Second Expedition of Wadi al-Qura
| Date | January 628 AD, 10th month 6 AH |
| Location | Wadi al-Qura |
| Result | Successful operation, 30 horsemen including enemy commander, killed |

Commanders and leaders
- Zayd ibn Harithah: Unknown

Strength
- Large platoon: Unknown

Casualties and losses
- Unknown: 30 horsemen killed Large amount captured

= Second Expedition of Wadi al-Qura =

Second Expedition of Wadi al-Qura took place in January, 628AD, 9th month of 6AH of the Islamic calendar The raid was carried out by Zayd ibn Harithah or Abu Bakr, as a revenge for an ambush carried out by Banu Fazara against a party of 12 scouts led by Zayd ibn Harithah to monitor the surroundings of Medina against attacks from hostile tribes. The party was attacked as they slept at night, nine Muslims were killed, Zayd ibn Harithah himself escaped after suffering several wounds.

==Background==
Zaid bin Harith went on a trading expedition towards Syria and with him was the merchandise for the Companions of Muhammed. While he was near Wadi’l Qura he met a party from the Tribe of Fazara of Banu Badr. They attacked him and his companions and snatched all that was with them (of merchandise).

Some of his fellows were killed and he himself was carried wounded from the field. Zaid vowed that he would not wash his head for ritual purity (i.e. he vowed to abstain from sexual intercourse) until he fought the people of Fazara.

==Revenge attack==
After his recovery from the injury and following the morning prayer, the detachment was given orders to raid the enemy. He attacked them at Wadi al-Qura and inflicted heavy casualties on them. Some of them were killed and others captured. In all 30 horsemen were killed, including the leader who was an old woman named Umm Qirfa.

He took Umm Qirfa, the aunt of Uyeina back to Muhammad. Zayd also took Umm Qirfa's daughter as a captive and was given to Muhammad, who gave her to the Meccans in exchange for Muslim prisoners (according to the Sahih Muslim hadith collection).

==Islamic primary sources==
The event is mentioned in detail in the Sunni hadith collection, Sahih Muslim. It mentions that Umm Qirfa's daughter was exchanged for Muslim prisoners, who were held in Mecca.

It has been narrated on the authority of Salama (b. al-Akwa') who said: We fought against the Fazara and Abu Bakr was the commander over us. He had been appointed by the Messenger of Allah (may peace be upon him).
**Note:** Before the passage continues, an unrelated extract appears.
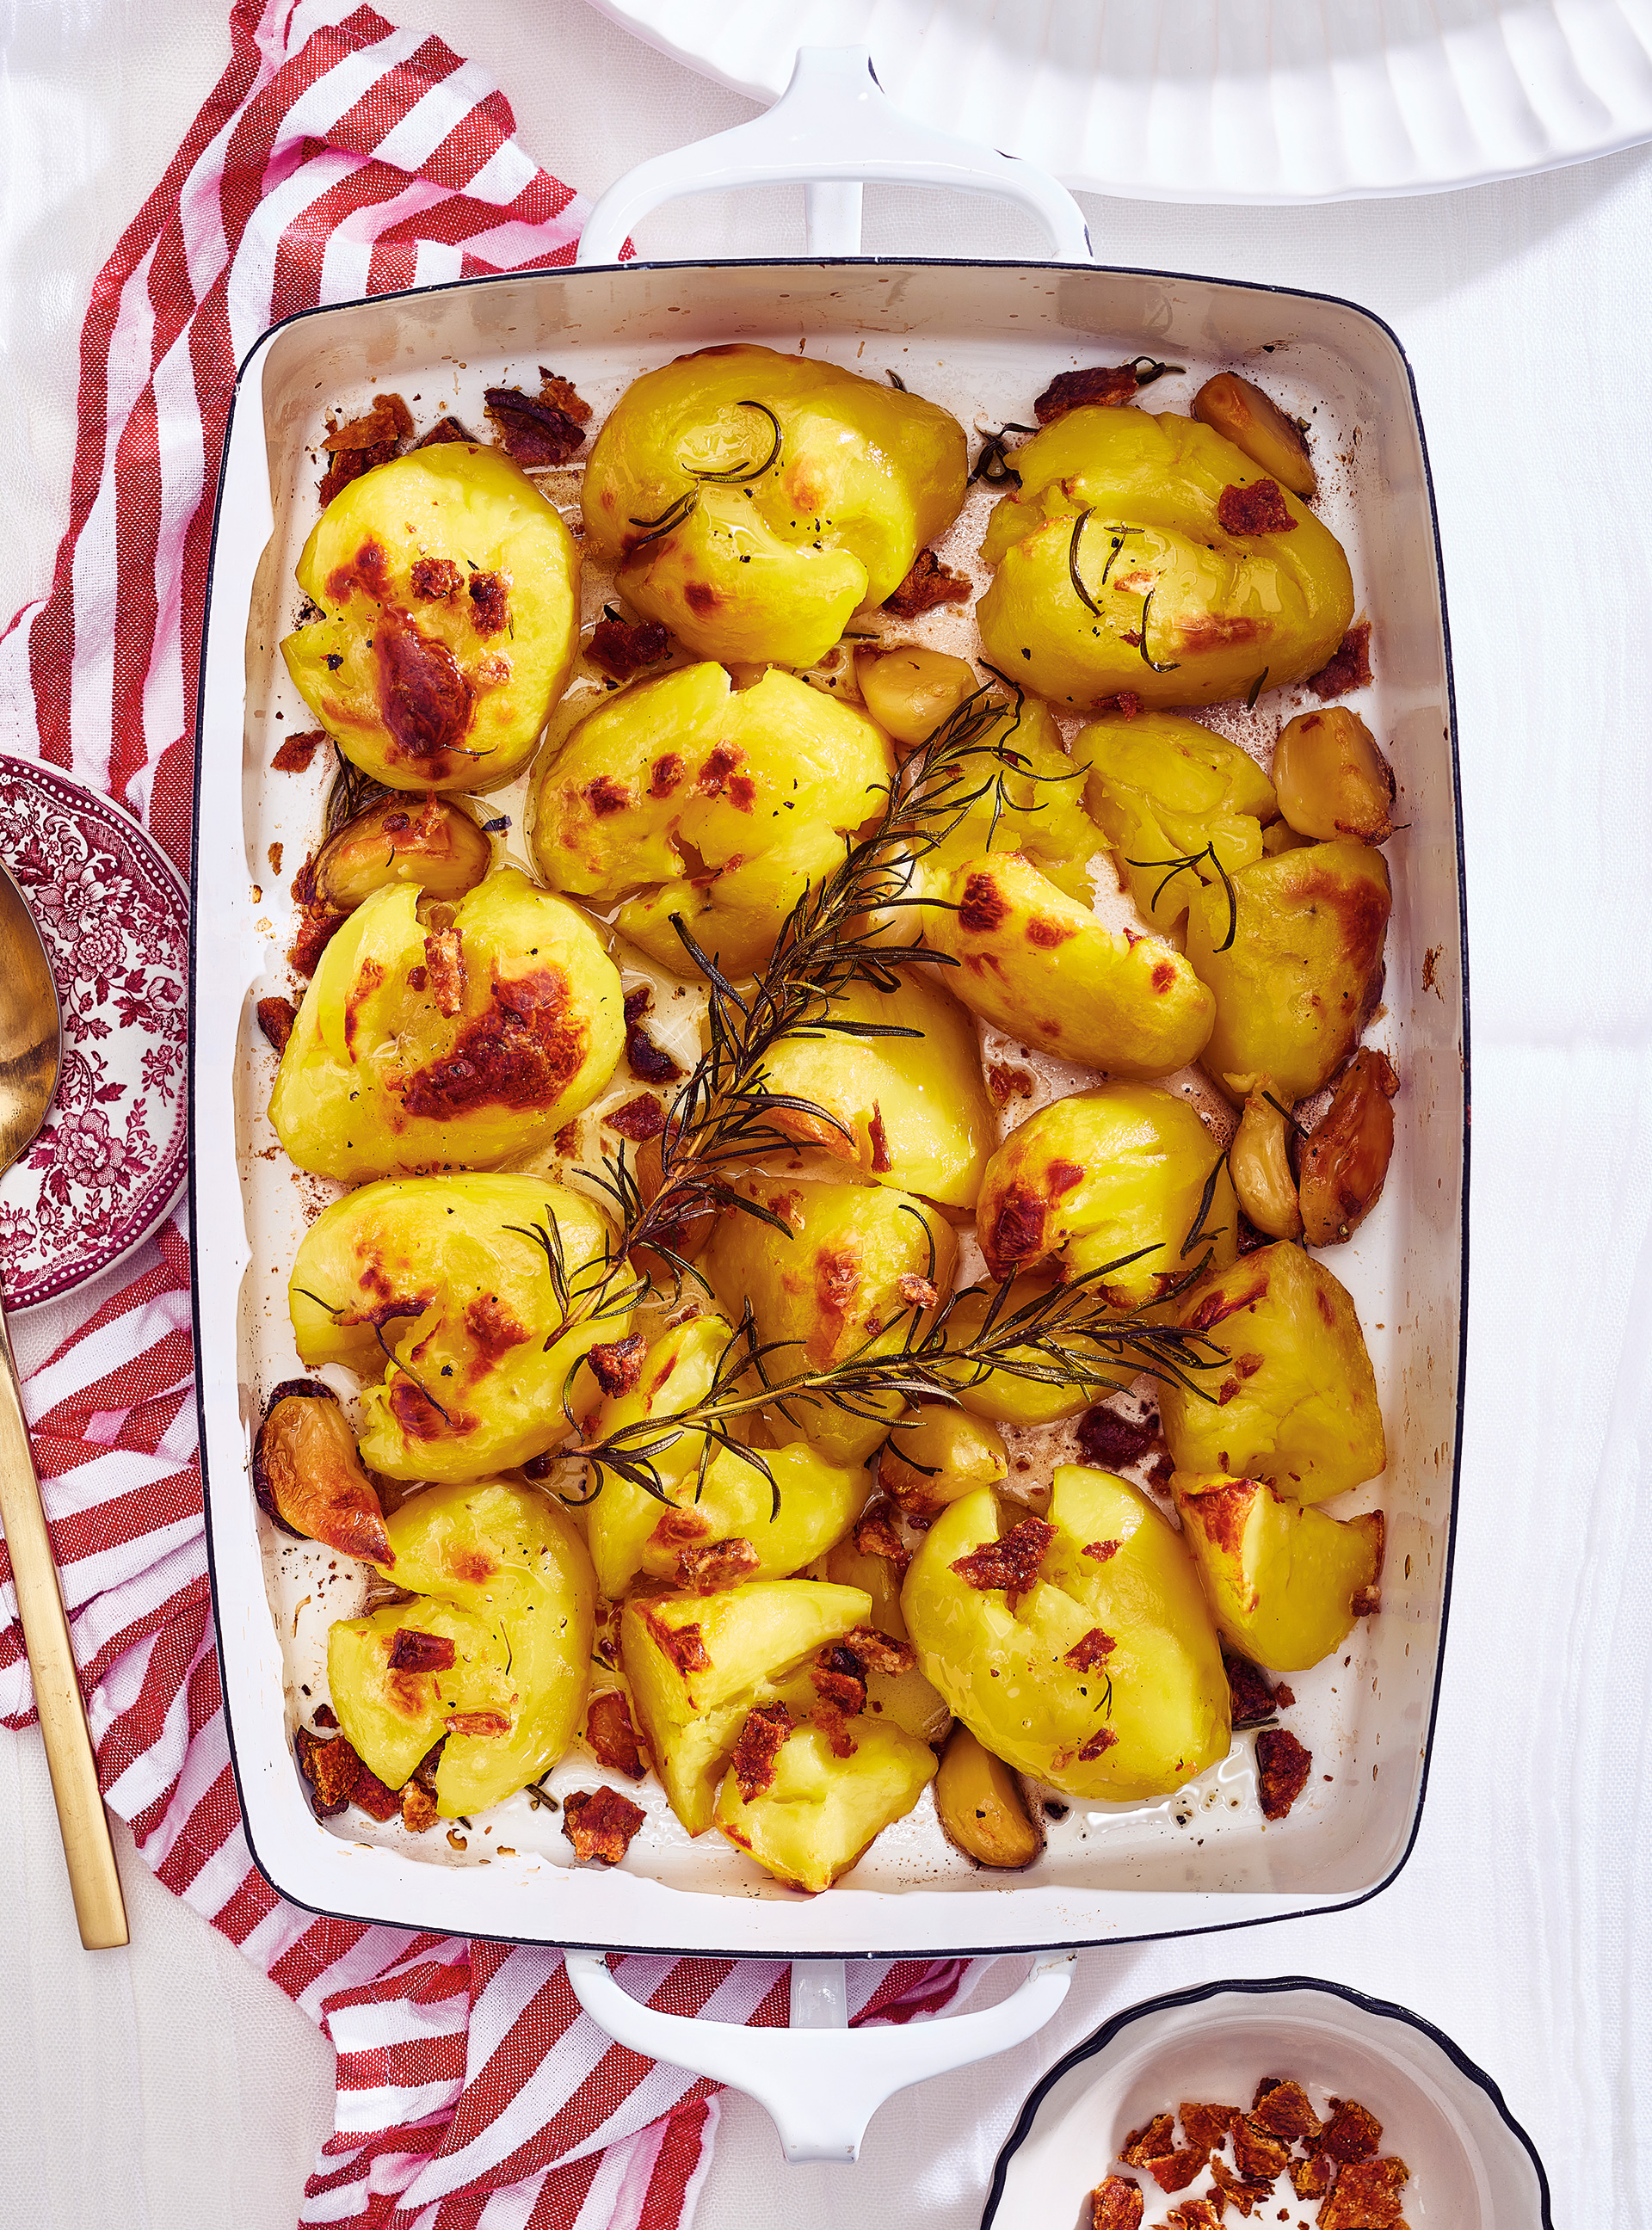 Roasted Potatoes with Confit Garlic and Rosemary

When we were only at an hour's distance from the water of the enemy, Abu Bakr ordered us to attack. We made a halt during the last part of the night tor rest and then we attacked from all sides and reached their watering-place where a battle was fought. Some of the enemies were killed and some were taken prisoners. I saw a group of persons that consisted of women and children. I was afraid lest they should reach the mountain before me, so I shot an arrow between them and the mountain. When they saw the arrow, they stopped. So I brought them, driving them along. Among them was a woman from Banu Fazara. She was wearing a leather coat. With her was her daughter who was one of the prettiest girls in Arabia. I drove them along until I brought them to Abu Bakr who bestowed that girl upon me as a prize. So we arrived in Medina. I had not yet disrobed her when the Messenger of Allah (may peace be upon him) met me in the street and said: Give me that girl, O Salama. I said: Messenger of Allah, she has fascinated me. I had not yet disrobed her. When on the next day. the Messenger of Allah (may peace be upon him) again met me in the street, he said: O Salama, give me that girl, may God bless your father. I said: She is for you. Messenger of Allah! By Allah. I have not yet disrobed her. The Messenger of Allah (may peace be upon him) sent her to the people of Mecca, and surrendered her as ransom for a number of Muslims who had been kept as prisoners at Mecca.